Elle fut irritée qu'il lui rappelât ce nom. Car, après d'infinis calculs, des réflexions pleines d'angoisse, elle avait décidé en elle-même que Hugues ne pouvait être le fils de Jean. A ce torturant travail, recommencé toujours, elle avait passé la plupart des heures, étendue sur le long fauteuil d'osier, dehors, à l'ombre, dans le lourd enchantement, la tiédeur et le silence des après-midi d'été. Paulette, alors, se promenait, avec sa gouvernante, à travers le parc ou la proche campagne, dans la petite voiture, dont les secousses désormais étaient interdites à Simone. Par une fenêtre ouverte de la maison, des mélodies sans cesse reprises, travaillées, changées, ou bien, au contraire, triomphalement envolées d'un seul essor, s'échappaient de la solitude studieuse où s'enfermait le musicien. La pensée de la jeune femme parfois s'engourdissait à les entendre, [Pg 191] ces mélodies que l'espace affaiblissait, dispersait comme des lambeaux de songe, épandait comme une vapeur d'harmonie sur l'immobilité des verdures profondes. Une douceur l'enveloppait, lui caressait l'âme, douceur venue du calme et de la beauté des choses, et venue aussi, à travers l'inconsciente mémoire, de quelque insondable existence passée. Mais une secousse la rappelait à elle-même; son cœur se crispait sous une étreinte; et de nouveau la question surgissait: «L'enfant que je porte... de qui est-il?» Alors une brume de tristesse et de honte voilait la campagne ensoleillée; tout oscillait et chavirait dans une ombre soudaine; et ce piano... ce piano qui chantait infatigablement sous les doigts de Roger, prenait une telle voix d'ironie et de reproche, que parfois Simone, dans un énervement affolé, collait, en serrant les dents, les paumes de ses mains sur ses oreilles.
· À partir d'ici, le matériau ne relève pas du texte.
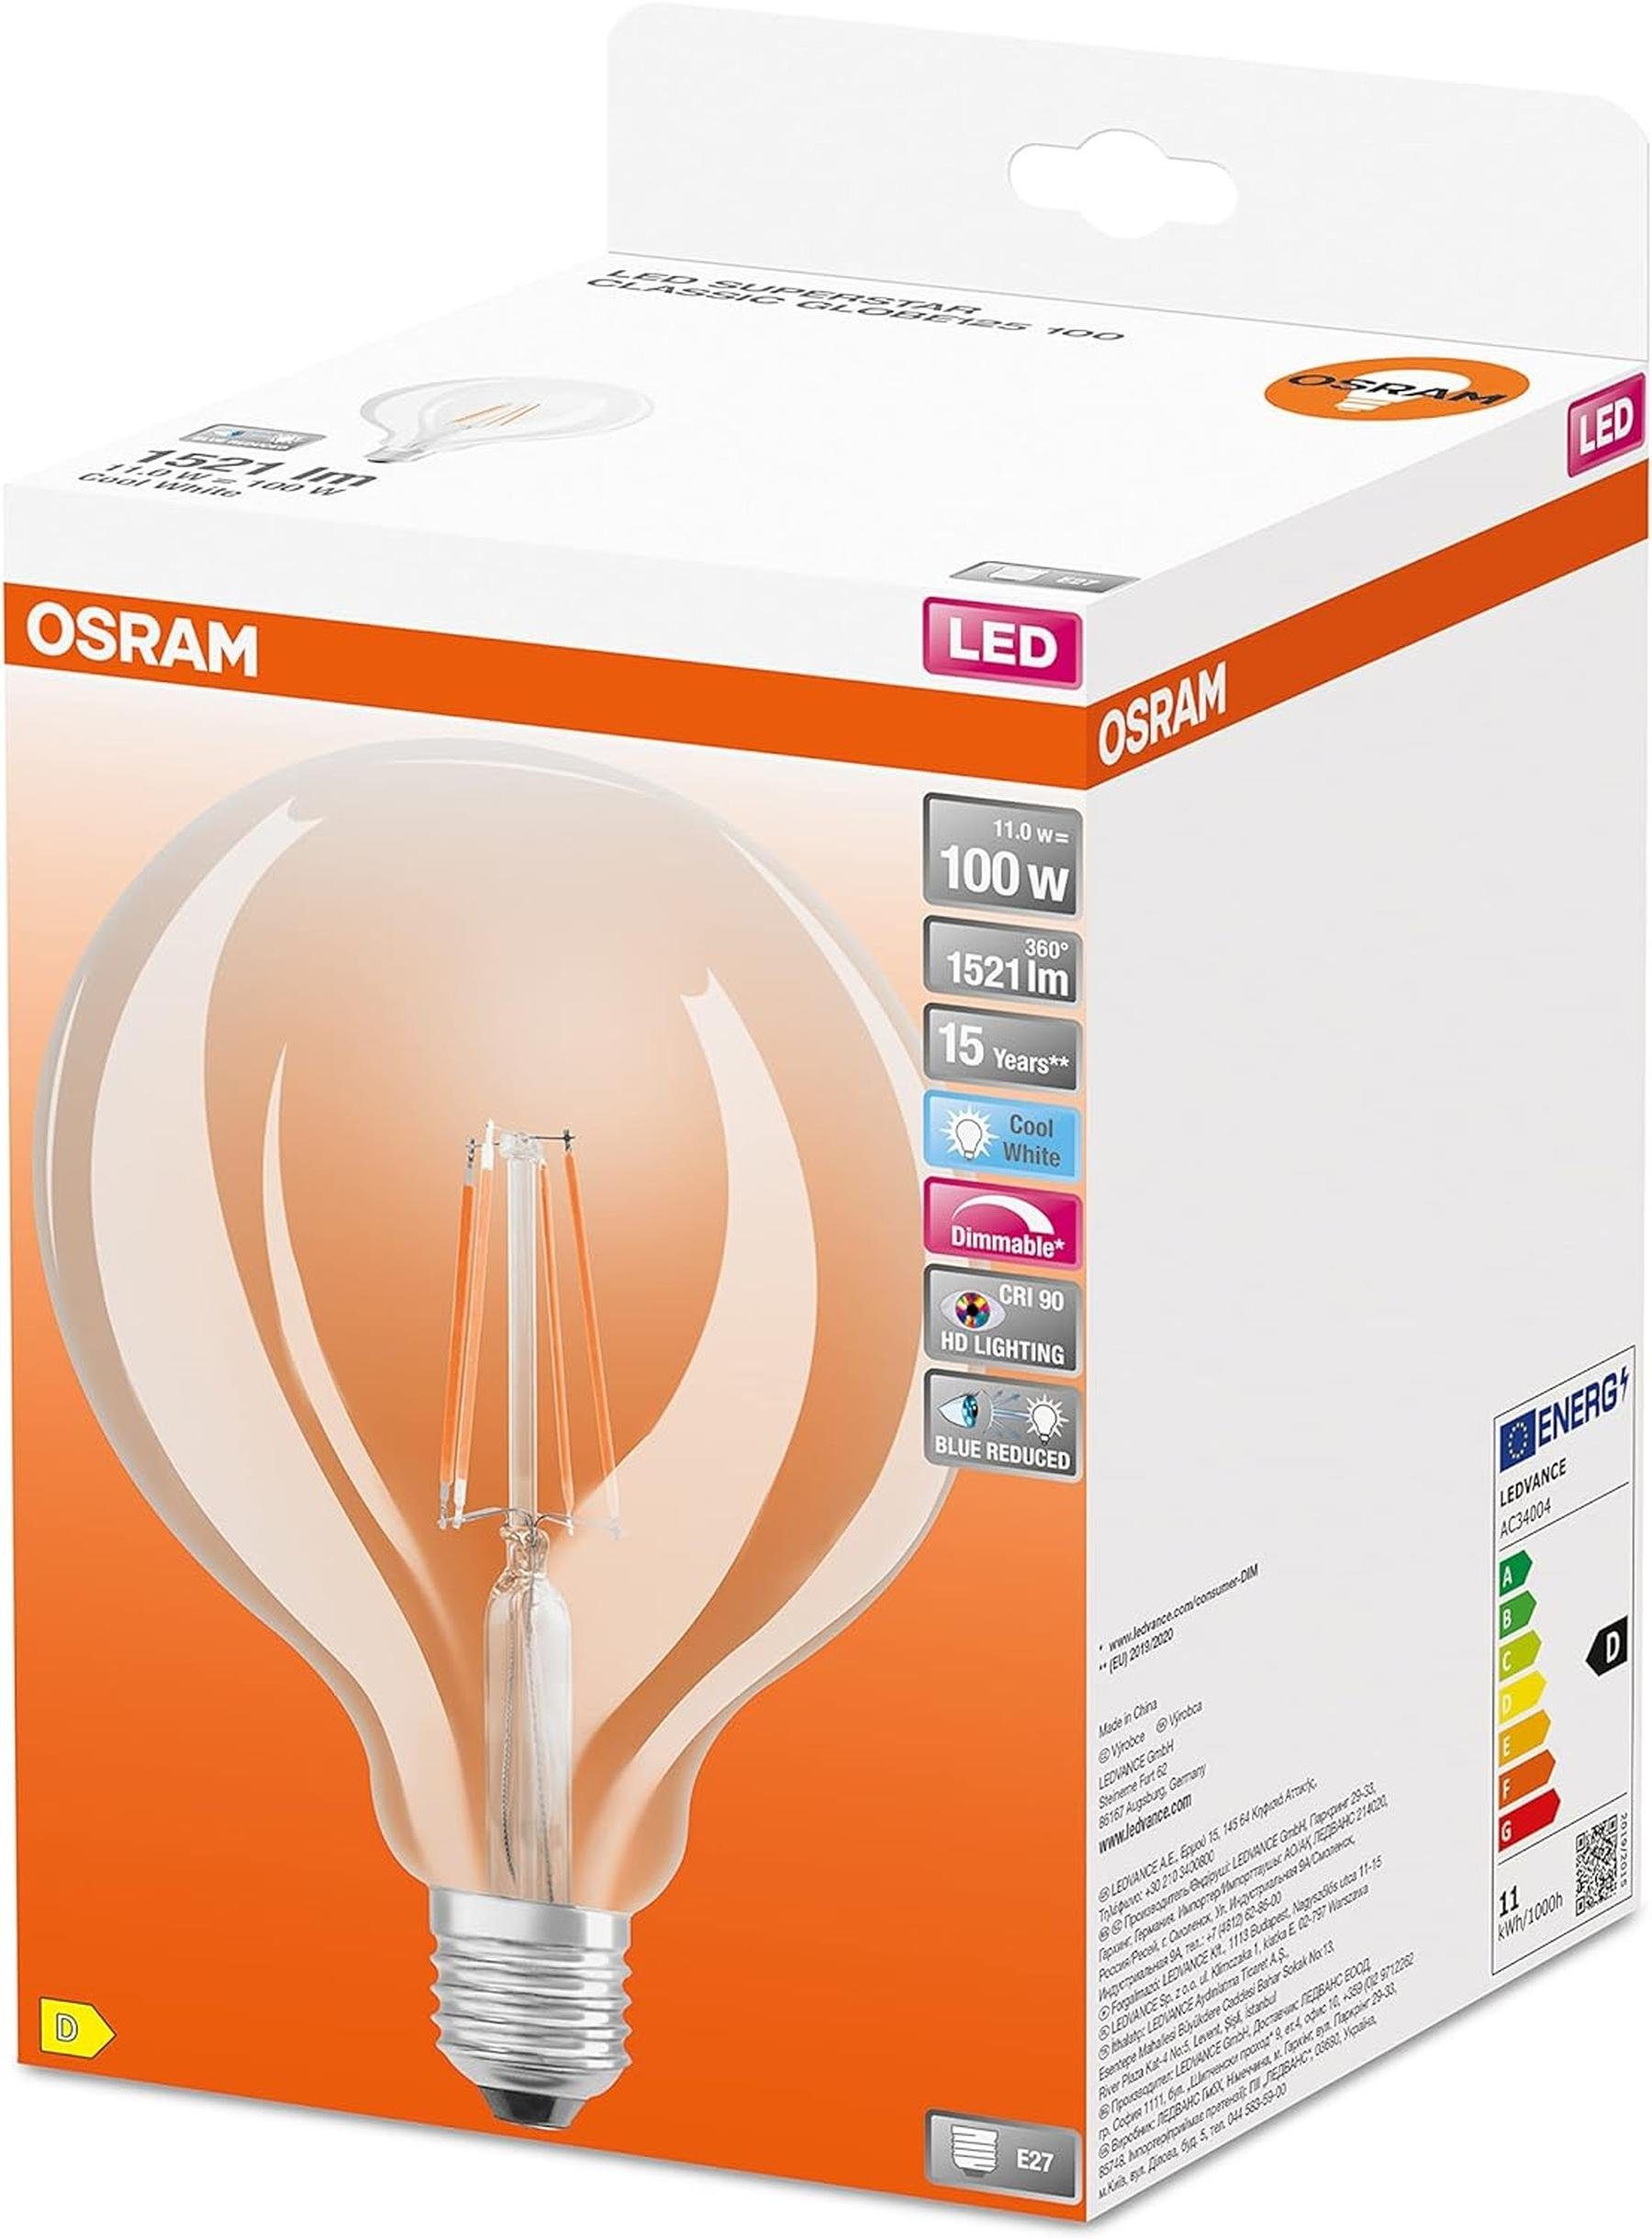 Filament-Optik Kaltweiß, dimmbare Osram Superstar E27, 2ER, LED-Leuchtmittel OSRAM LED-Lampe

Mettre au monde un enfant sans savoir au juste quel est son père, représentait aux yeux de Mme Mervil un tel excès de dégradation qu'elle n'en imaginait point de pire pour une femme. Et elle en était là!... De son fragile roman, dissipé comme un rêve, cette réalité abominable lui restait! Comment ne l'avait-elle pas prévue?... C'est que, sa fille ayant huit ans déjà sans qu'un second espoir de maternité se fût offert à Simone, la jeune femme avait perdu l'habitude de songer, [Pg 192] pour elle-même, aux conséquences naturelles de l'amour. Si sa liaison avec Jean avait duré, peut-être une triste et suprême prudence fût-elle intervenue pour lui épargner au moins cette infamie d'offrir à la tendresse de Mervil un enfant qui ne fût pas le sien. Mais tout cela avait été si plein d'étonnement, si troublé, si court, d'une rapidité de vertige!... Même quand une clairvoyance, par hasard, avait ouvert les yeux de Simone, vite et volontairement elle avait refermé les paupières, en se disant: «Voyons... ce serait une fatalité trop extraordinaire... C'est impossible!» Et, pour mieux nier à elle-même cette possibilité, qui, si incertaine pourtant, la gênait, la maîtresse de M. d'Espayrac avait comme à plaisir brouillé dans sa mémoire les dates de leurs si rares baisers.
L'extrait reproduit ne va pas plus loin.